_INFORMATION SUPPLIED_
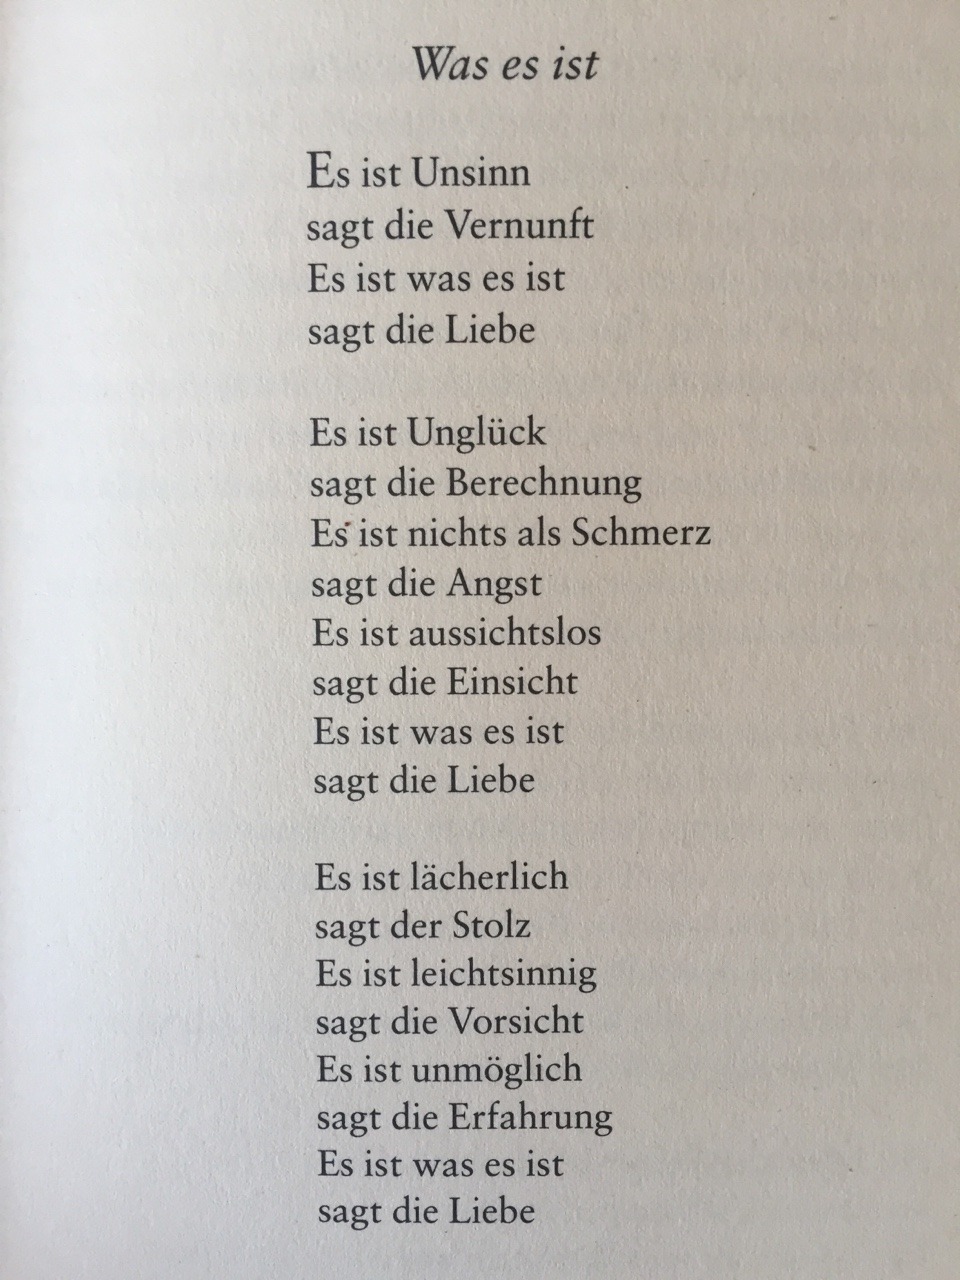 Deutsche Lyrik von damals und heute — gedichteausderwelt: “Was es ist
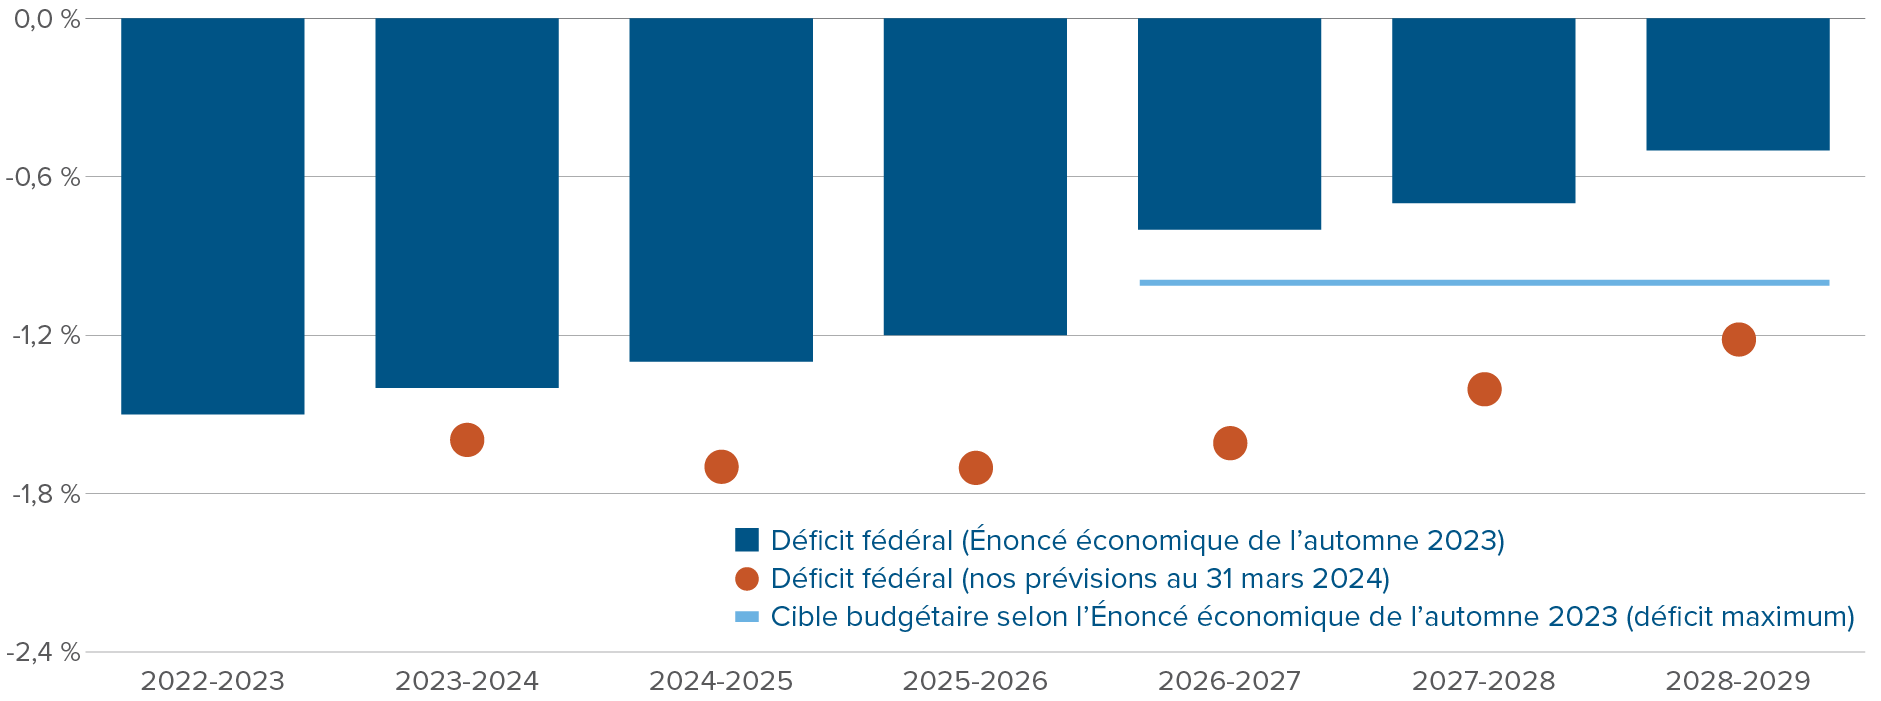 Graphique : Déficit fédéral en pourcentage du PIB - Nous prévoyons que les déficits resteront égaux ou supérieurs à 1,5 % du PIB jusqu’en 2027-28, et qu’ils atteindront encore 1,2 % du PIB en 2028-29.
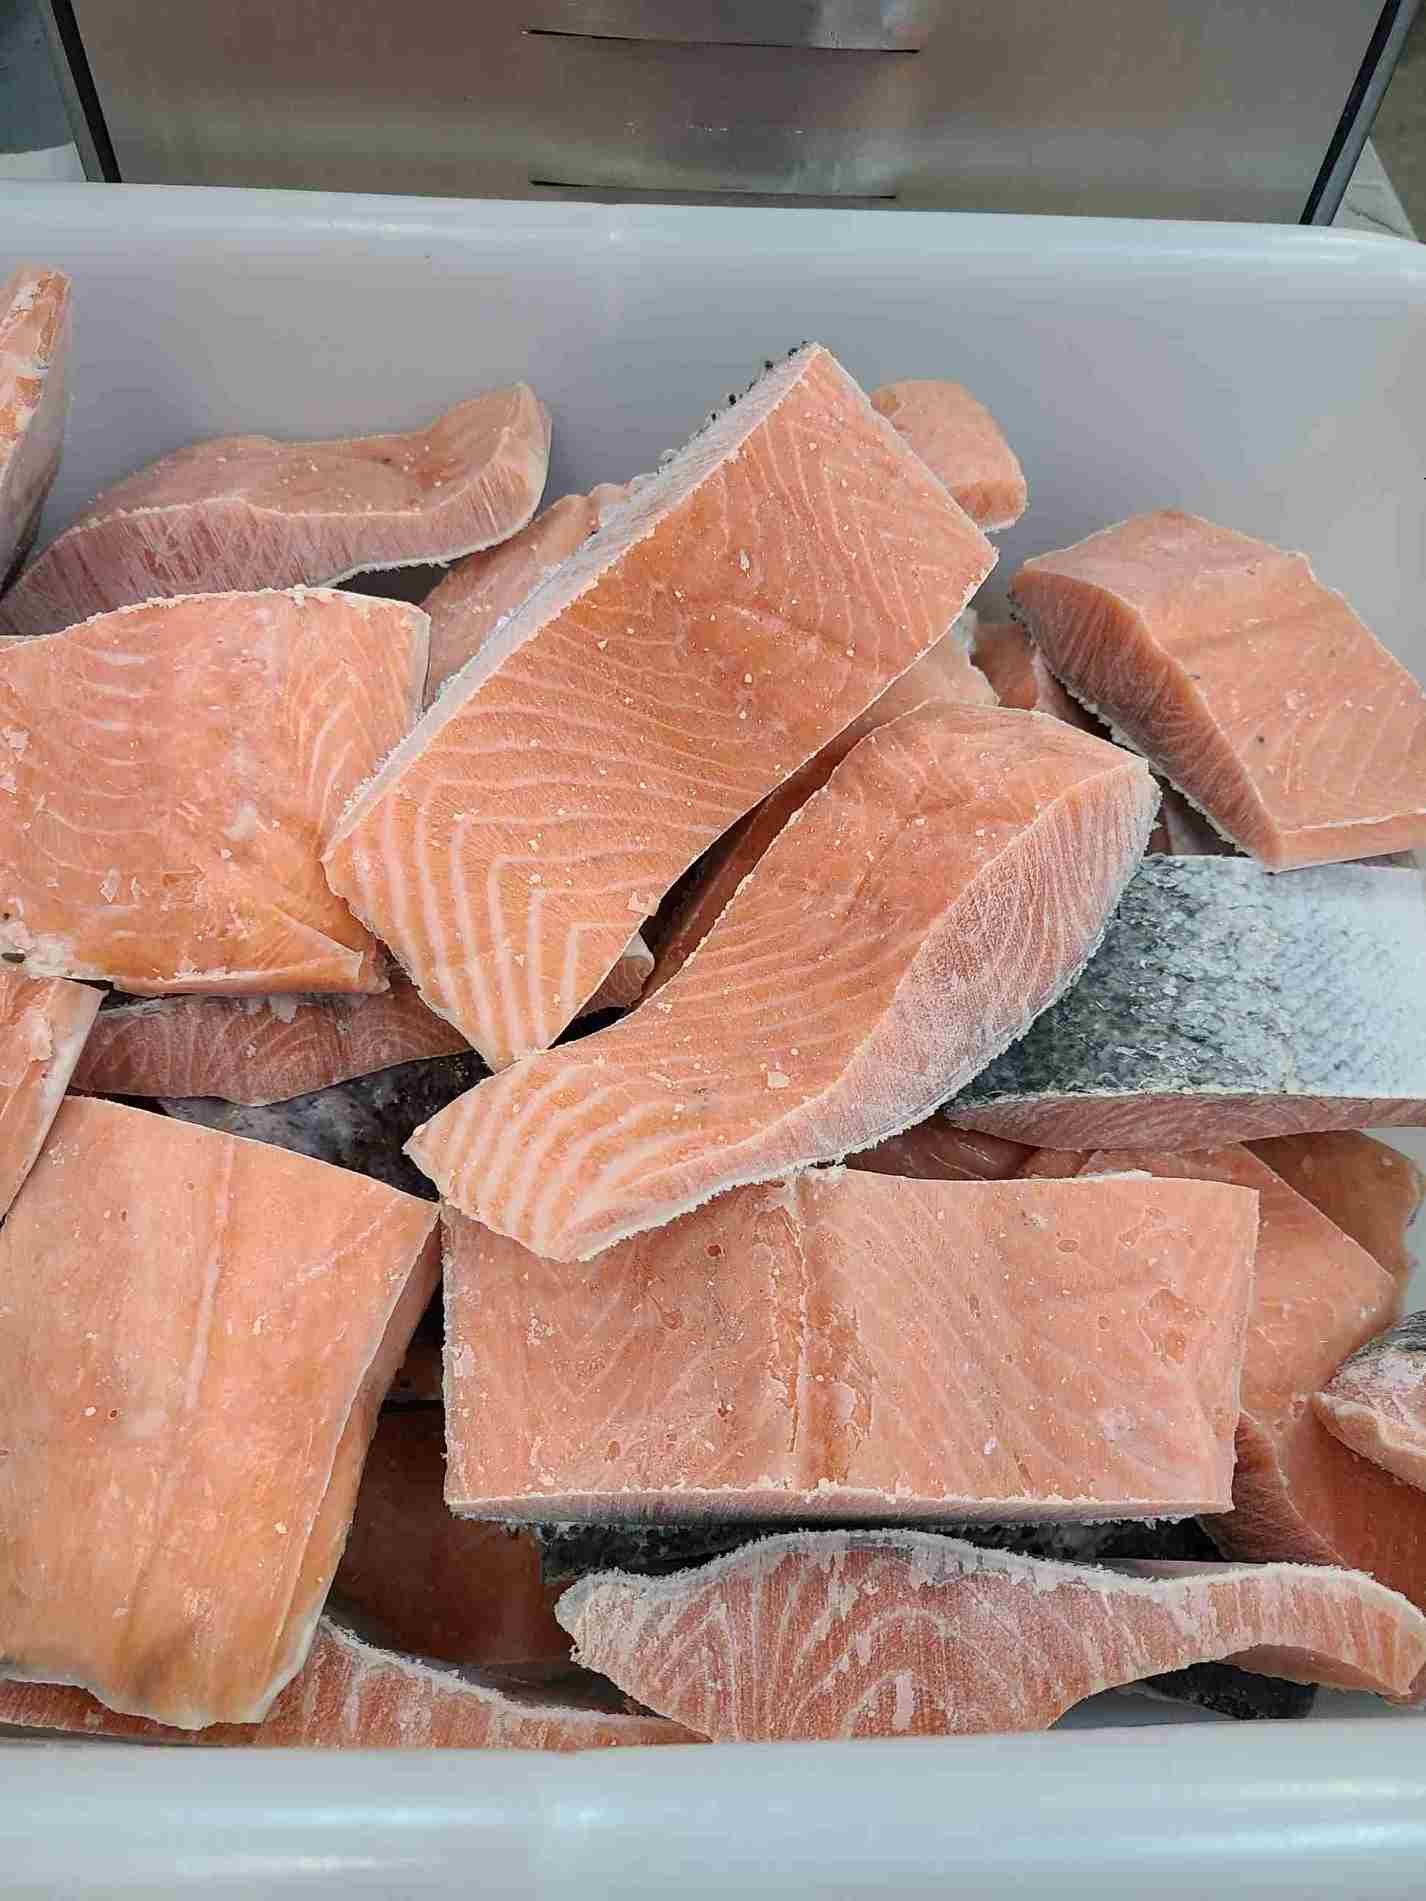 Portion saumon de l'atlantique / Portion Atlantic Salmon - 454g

_TASK_
Output the listing above in full and exactly, with pictures excluded.

_WRITTEN RESPONSE_
 Deutsche Lyrik von damals und heute — gedichteausderwelt: “Was es ist
 Graphique : Déficit fédéral en pourcentage du PIB - Nous prévoyons que les déficits resteront égaux ou supérieurs à 1,5 % du PIB jusqu’en 2027-28, et qu’ils atteindront encore 1,2 % du PIB en 2028-29.
 Portion saumon de l'atlantique / Portion Atlantic Salmon - 454g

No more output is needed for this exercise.